Why must a finite symmetry group be discrete?

Question

I'm having trouble justifying why a finite symmetry group is discrete. Can someone help?

Answer 1

Consider a finite symmetry group, $G=S_n$ (I'm assuming that you meant the full symmetry group, otherwise, as was pointed out in the comments, the question seems to be not well-defined).

A topology $\mathcal T$ on $G$ would be a subset of $2^G$, satisfying the axioms of a topological space. A topology is discrete if any point is open, or equivalently $\mathcal T = 2^G$. A topology is trivial if $\mathcal T = \{\emptyset, G\}$. Since any set can have the trivial topology, we will need to assume that $\mathcal T$ is not trivial.

In a topological group a translation by a group element is a homeomorphism, so if U is open then so is $gU$ for all $g \in G$.
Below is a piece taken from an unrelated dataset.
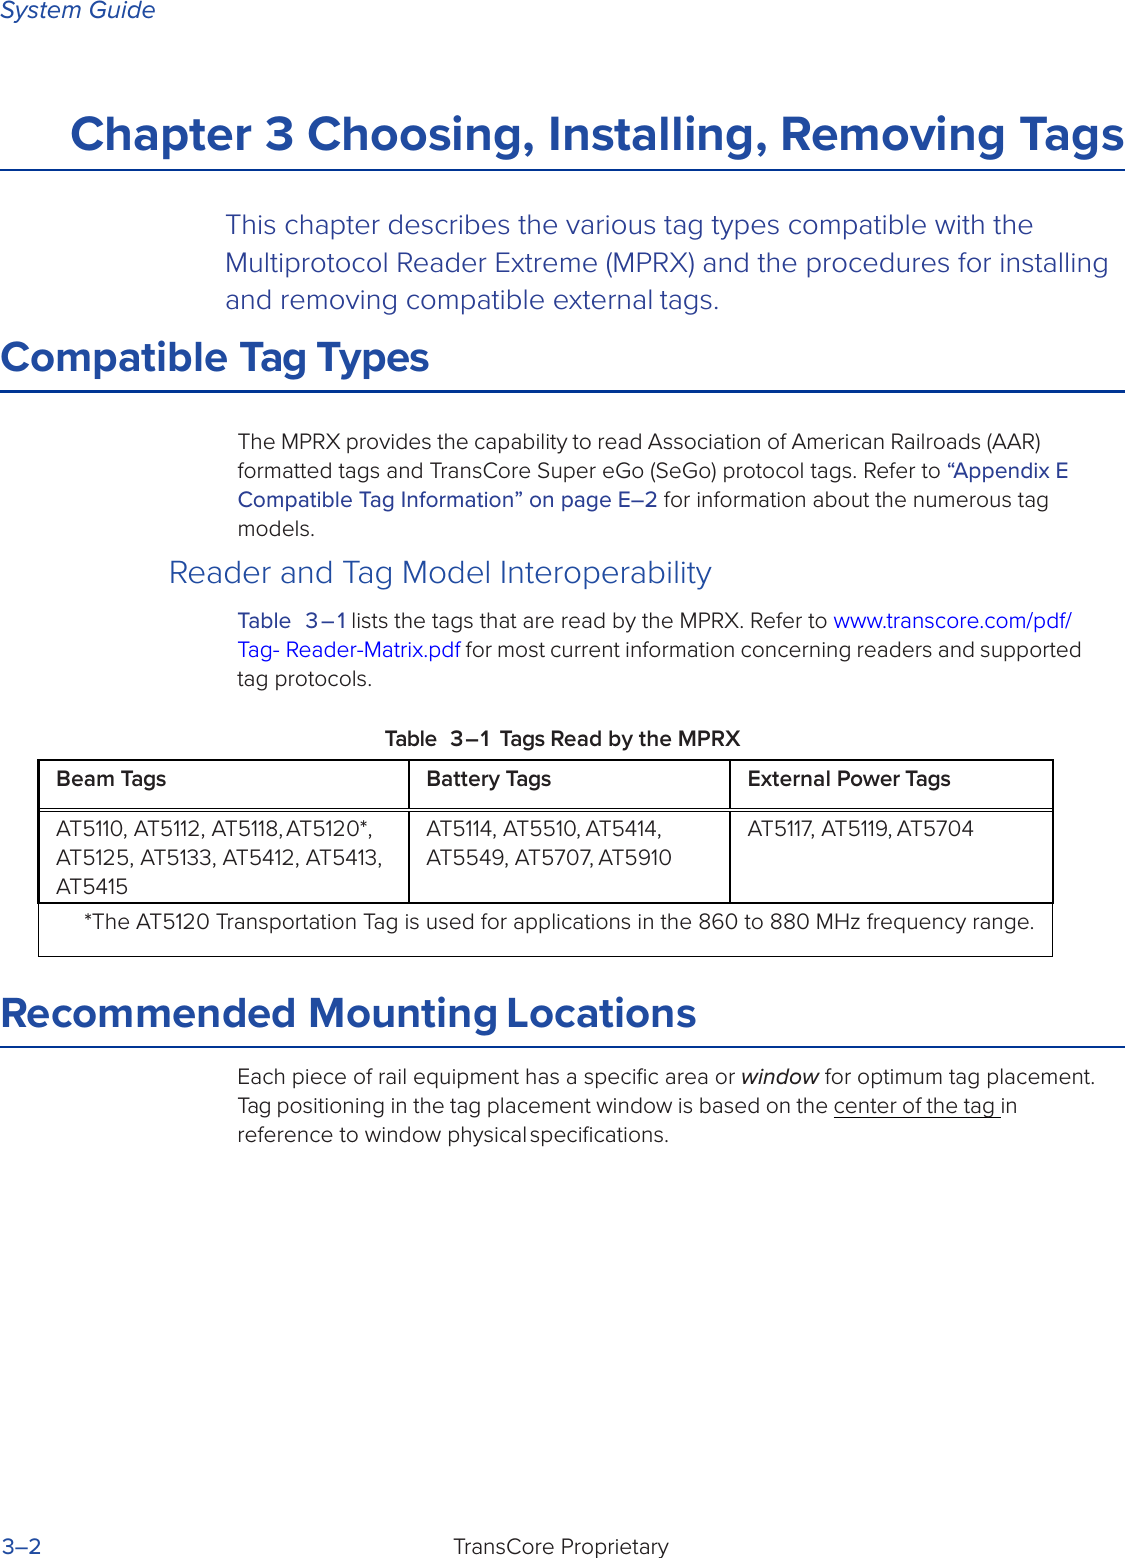 System GuideTransCore Proprietary3–2Chapter 3 Choosing, Installing, Removing TagsThis chapter describes the various tag types compatible with the Multiprotocol Reader Extreme (MPRX) and the procedures for installing and removing compatible external tags.Compatible Tag TypesThe MPRX provides the capability to read Association of American Railroads (AAR) formatted tags and TransCore Super eGo (SeGo) protocol tags. Refer to “Appendix E  Compatible Tag Information” on page E–2 for information about the numerous tag models.Reader and Tag Model InteroperabilityTable 3 – 1 lists the tags that are read by the MPRX. Refer to www.transcore.com/pdf/Tag- Reader-Matrix.pdf for most current information concerning readers and supported tag protocols.Table 3 – 1 Tags Read by the MPRXRecommended Mounting LocationsEach piece of rail equipment has a speciﬁc area or window for optimum tag placement. Tag positioning in the tag placement window is based on the center of the tag in reference to window physical speciﬁcations.Beam Tags Battery Tags External Power TagsAT5110, AT5112, AT5118, AT5120*, AT5125, AT5133, AT5412, AT5413, AT5415AT5114, AT5510, AT5414, AT5549, AT5707, AT5910AT5117, AT5119, AT5704*The AT5120 Transportation Tag is used for applications in the 860 to 880 MHz frequency range.

Lets verify that $\mathcal T$ is indeed discrete. Because it is not trivial there is some open set $U \in \mathcal T$, such that $U\neq G$ and $U \neq \emptyset$. Lets say that $|U|=k$ with $0<k<n$. Observe that as $g$ runs over $G$, $\{gU\}$ consists of all possible subsets of $\{1...n\}$ of size $k$, and since the union of open sets is open, we get that any $V \subset G$ with $k\le |V| \le n$ is open.
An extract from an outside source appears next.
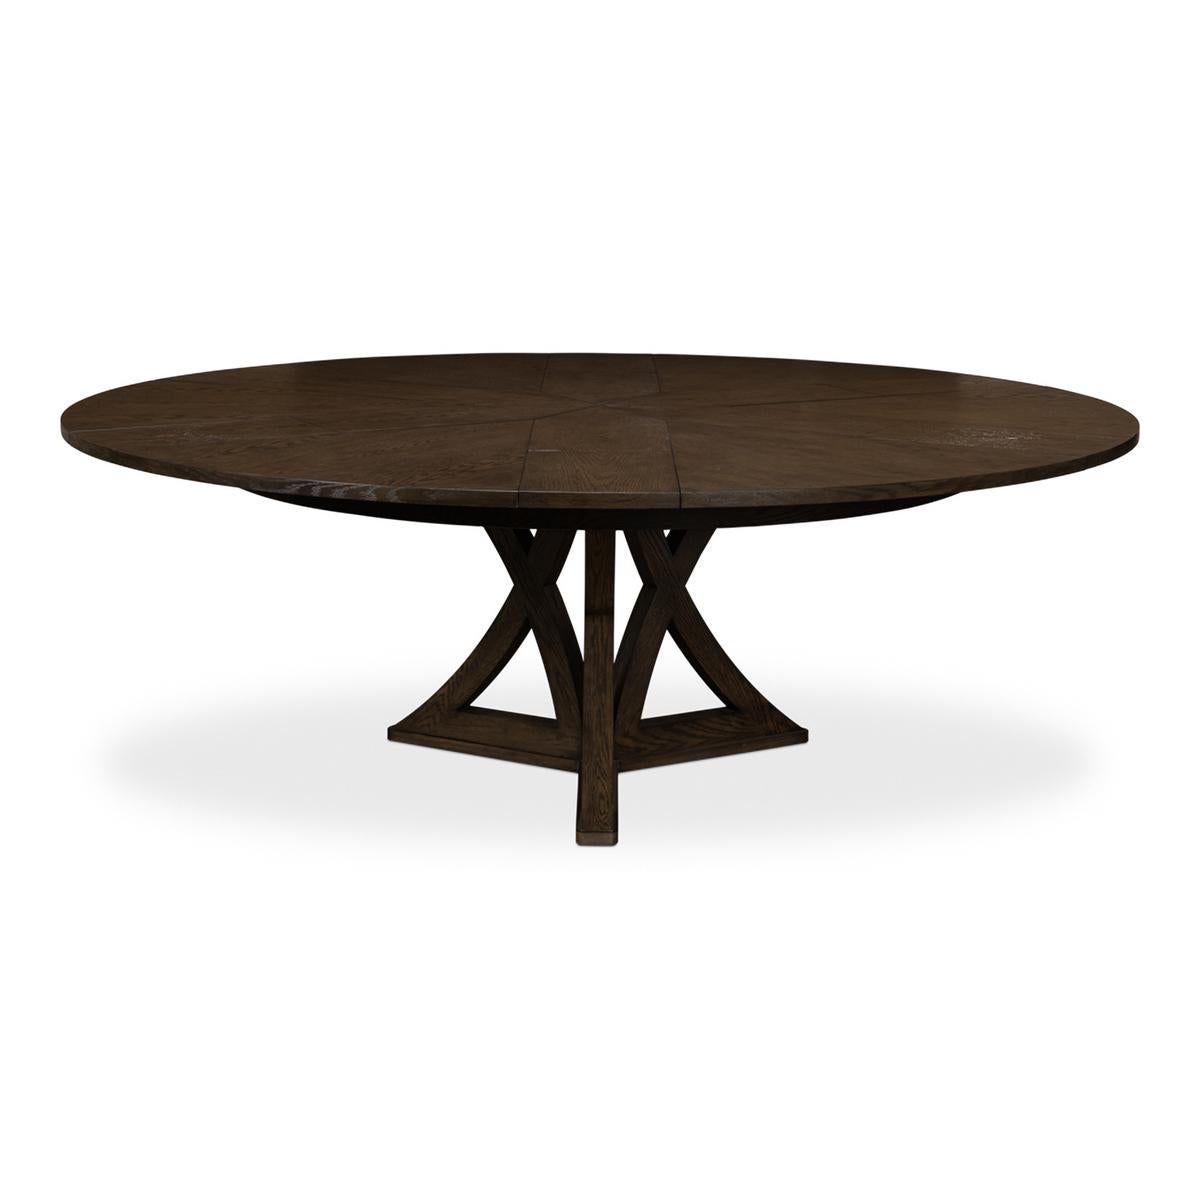 Contemporary Rustic Round Dining Table, Artisan Grey For Sale

To see that every set with less than $k$ elements is open as well, we use the fact that the intersection of two open sets is open, and prove by downward induction on the size of smallest non-trivial open set. Namely, given $x\in U, y \notin U$ define $U' = U \setminus \{x\} \cup \{y\}$ which is also open, and note that $|U \cap U'| = |U| - 1$.

I hope this helps.